Von der Prozessüberwachung zur Prozessbeeinflussung

Die mit jeweils vier Kraftsensoren ausgestatteten Module übergeben die aufgenommenen Werte an eine Auswerteelektronik. Über diese kann die Kraftverteilung in Form von Heatmaps auf einem beliebigen Endgerät visualisiert werden. Alternativ kann das System auch direkt an die Maschinensteuerung angeschlossen werden. Zudem lassen sich durch die Auswertung der Messkurven neben Prozessabweichungen auch Bauteilschädigungen lokalisieren und zeitlich einordnen.
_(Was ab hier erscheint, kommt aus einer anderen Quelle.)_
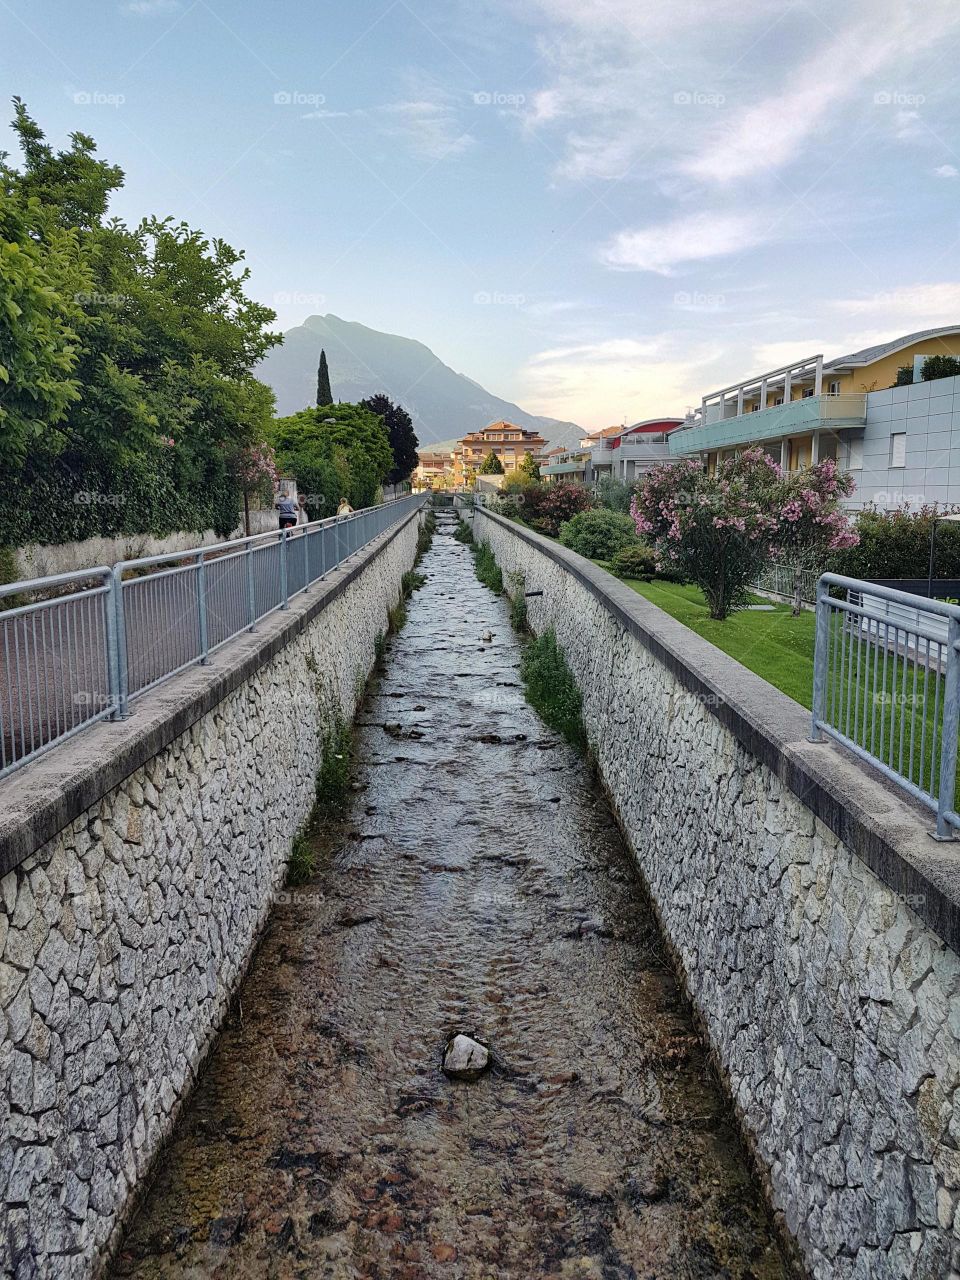 A beautiful Canal in Riva del Garda, Italy.

In diesem Sinn denken die Fraunhofer-Forscher noch weiter: „Die gewonnenen Daten sind gleichzeitig die Basis für eine Inline-Prozessregelung“, sagt Zorn, „denn mit ihrer Hilfe gelangt man von der Prozessüberwachung zur Prozessbeeinflussung. Wir nutzen sie gezielt, um bei Prozessabweichungen mithilfe spezieller Aktoren in der Umformpresse gegenzusteuern. Die Produktion von 100 % Gutteilen rückt damit in greifbare Nähe.“

Den Einsatz des Systems können Interessierte bei der Veranstaltung „Intelligente Umformtechnik – kostenoptimale Fertigung durch geregelte Prozesse“ am 18. Oktober sehen. Die Messvorrichtung steht bei der neuen Auflage der „Produktionstechnischen Gespräche Dresden“ im Versuchsfeld des Fraunhofer-IWU im Mittelpunkt. Teilnehmer erhalten hier bei Live-Vorführungen die Möglichkeit, die Details der Messvorrichtung kennenzulernen. Impulsvorträge von Vertretern aus der Industrie gewähren Einblick in neue Entwicklungstrends der intelligenten Blechumformung.